Waymo is expanding driverless rides to freeways. Starting Wednesday, passengers in San Francisco, Phoenix and Los Angeles can get to their destinations more quickly as the self-driving company opens up freeway routes to the general public.
Waymo, a subsidiary of Google’s parent company Alphabet, currently operates its robotaxi service in five cities, with several more to come. Until now, those fully autonomous rides — which happen aboard the fully electric Jaguar I-Pace — were restricted to surface streets, meaning potentially longer routes. But freeway trips could give passengers a more direct and speedy route to their destinations. Waymo has been testing freeway rides with employees for over a year, and in May 2024 shared an exclusive video with CNET of one of those rides in action.
Initially, only customers who’ve opted into early access to Waymo’s latest services and features will be able to hit the freeways. From there, the capability will gradually roll out to more people taking rides with the service. You can indicate interest in being among the first to take a freeway ride in the Waymo app.
Watch this: Waymo’s Driverless Cars Can Now Navigate Freeways
I took an early freeway ride last week near San Bruno to see firsthand how Waymo handles that high-speed terrain.
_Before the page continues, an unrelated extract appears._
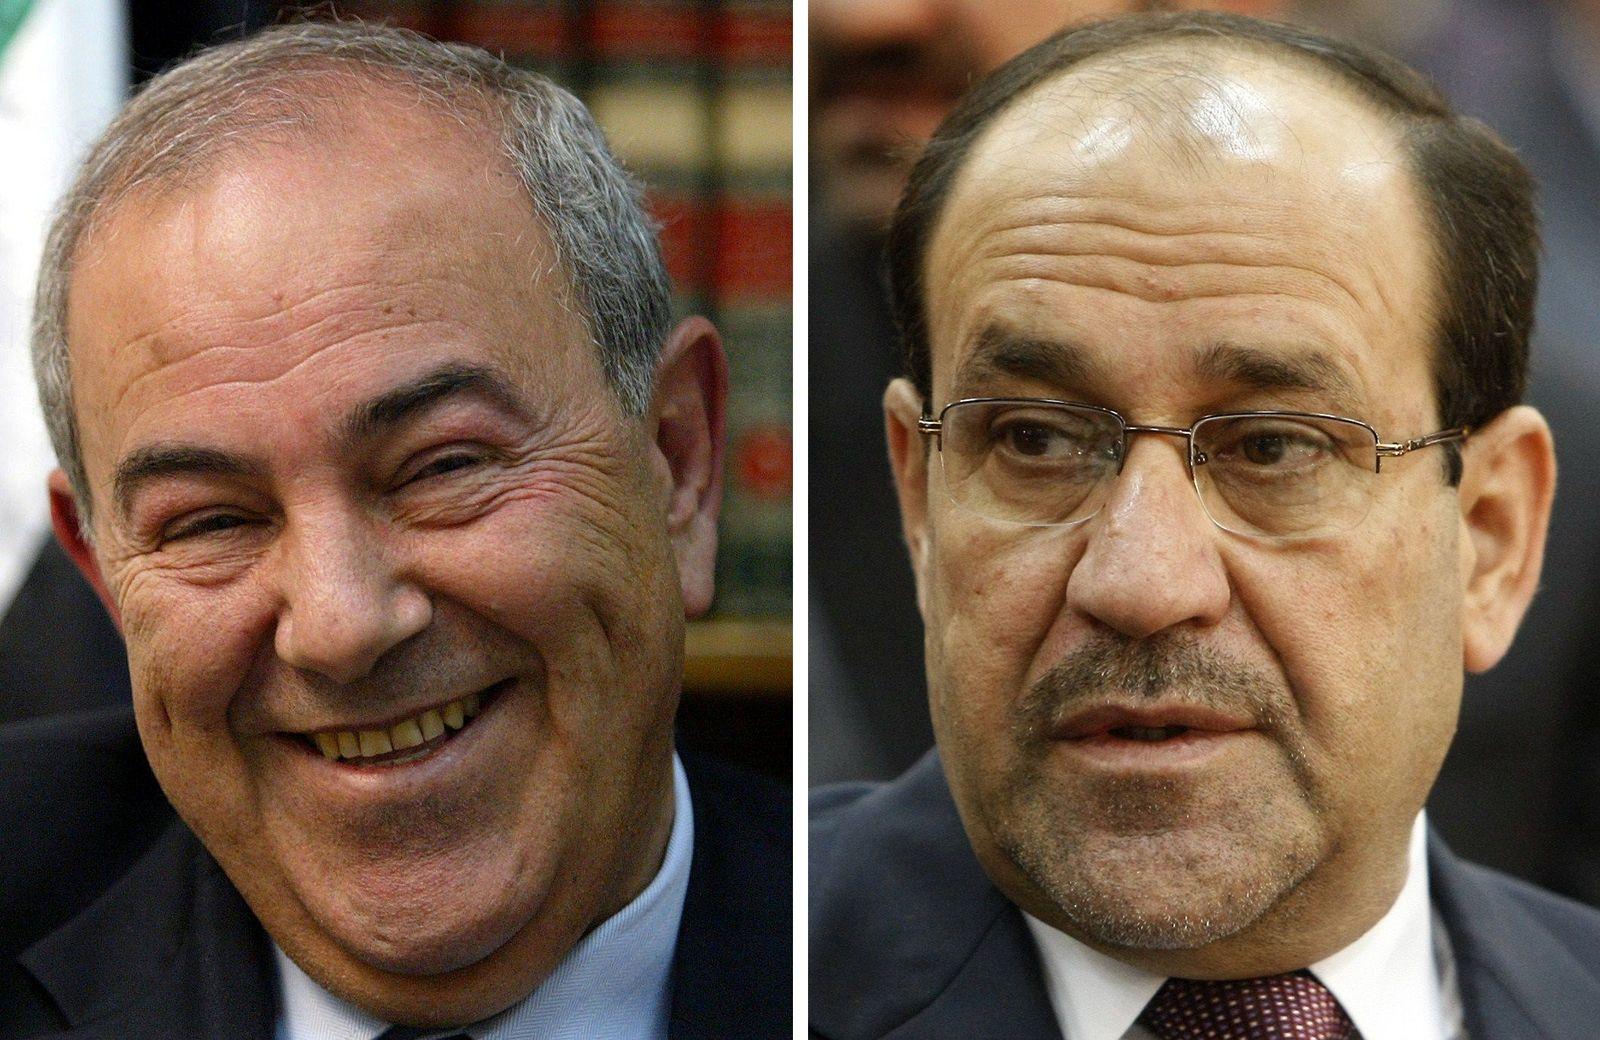 Irak Allawi Maliki

The vehicle seamlessly navigated on and off of ramps, changed lanes and kept pace with the human-driven vehicles around us. In fact, I soon forgot I was experiencing something extraordinary, and it just felt like another standard rideshare journey.
Once the feature becomes available to you, Waymo’s self-driving technology will determine the best route to your destination based on factors like congestion, timing and construction.
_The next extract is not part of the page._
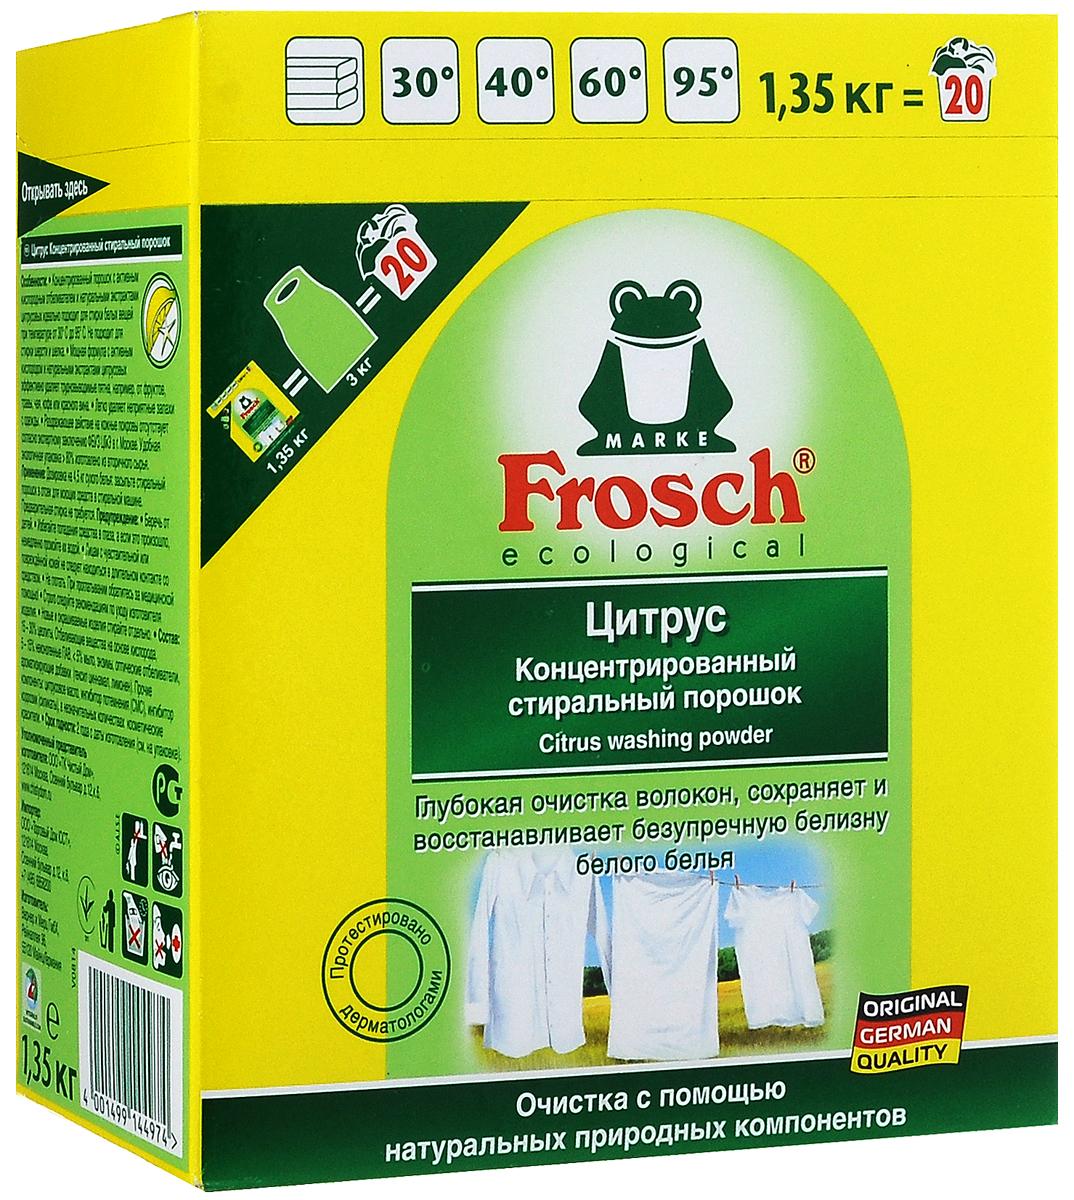 Стиральный порошок Frosch, с отбеливателем, концентрированный, 1,35 кгGC013/00Концентрированный стиральный порошок Frosch с активным кислородным отбеливателем и натуральными экстрактами цитрусовых предназначен для стирки и отбеливания белого белья в стиральных машинах любого типа при температуре от 30°C до 95°С. Мощная формула эффективно удаляет трудновыводимые пятна, например, от фруктов, травы, чая, кофе или красного вина. Порошок одновременно эффективно выводит белковые пятна и пятна растительного происхождения, что является уникальным сочетанием. Порошок содержит пятновыводящую соль и не требует применения дополнительных отбеливателей. Не требует замачивания. Экономичен в применении. Легко удаляет неприятные запахи с одежды. Не оказывает раздражающего действия на кожу.Товар сертифицирован.

“If taking the freeway makes your trip meaningfully faster, that is the route that you’ll be offered,” Naomi Guthrie, a Waymo UX researcher, said during a briefing. “Over time, we will gradually roll this out to more and more riders across our cities.”
Waymo will roll out to freeways in San Francisco, Phoenix and Los Angeles.
The unique challenges of autonomous freeway driving
Driving on freeways is technically nothing new for Waymo. In fact, it’s been doing so since its earliest days, back when it was known as the Google self-driving car project.
“When we started back in 2009, our very first autonomous test miles were on freeways,” Dmitri Dolgov, Waymo’s co-CEO, said in the briefing, noting it was the easiest way to get started at the time. “Freeway driving is one of those things that’s very easy to learn, but very hard to master when we’re talking about full autonomy, without a human driver as a backup and at scale. So it took time to do it properly with a strong focus on system safety and reliability.”
An autonomous vehicle navigating such massive roadways might be unsettling to some passengers — and drivers — but Waymo says there’s a key advantage to its self-driving tech.
“The Waymo Driver does not get tired, does not lose focus and does not make emotional decisions behind the wheel,” said Jacopo Sannazzaro, group product manager at Waymo.
That doesn’t mean there weren’t challenges to getting the tech ready for bigger roads.
“On freeways, critical events happen less often, and that means that there are fewer opportunities to expose our system to real scenarios,” said Pierre Kreitmann, a Waymo principal software engineer. So the company used a combination of closed-course driving and simulation testing to stage everything from merging onto a freeway to more drastic events like another car flipping over, and then ran those scenarios over and over again. That way, it could train the system to react to anything it might encounter in high-speed situations that it may not see on slower roads.
Waymo freeway rides are available 24/7. But there may be instances such as heavy rain in which Waymo opts to take surface streets instead of the freeway. The vehicles will only drive up to the posted speed limit, the company says — perhaps one factor that sets these autonomous rides apart from many human-driven vehicles.
Waymo’s expanded service area in the San Francisco Bay Area now covers more than 260 square miles.
Additional expansions in the Bay Area
Along with adding freeway rides, Waymo is also expanding its availability in the San Francisco Bay Area. The company’s service area now stretches across more than 260 square miles in the region and includes San Jose Mineta International Airport.
Riders can access 24/7 curbside pickup and drop-off at SJC, at Terminals A and B. Similar to traditional ridesharing, there’s a service fee for rides to and from the airport.
This is the second international airport at which Waymo operates, following Phoenix Sky Harbor International Airport. In September, Waymo also received a pilot permit to begin commercial operations at San Francisco International Airport. That rollout will include three phases, starting with an onboard safety driver, followed by tests without a human driver with Waymo and airport employees, and then, finally, commercial operations.
“We are actively coordinating with the SFO airport officials to start scaling operations in phases over there,” said Pablo Abad, group product manager at Waymo.
With Waymo’s freeway and service area expansion, more roads continue to open up for the robotaxi service. But it’s increasingly sharing those roads with other self-driving companies including Nuro and Amazon-owned Zoox, which launched public rides in Las Vegas in September. It’s only a matter of time before autonomous vehicle competitors expand to more cities and roads, too — though given how long it took Waymo, it’s likely the others won’t be hitting freeways just yet.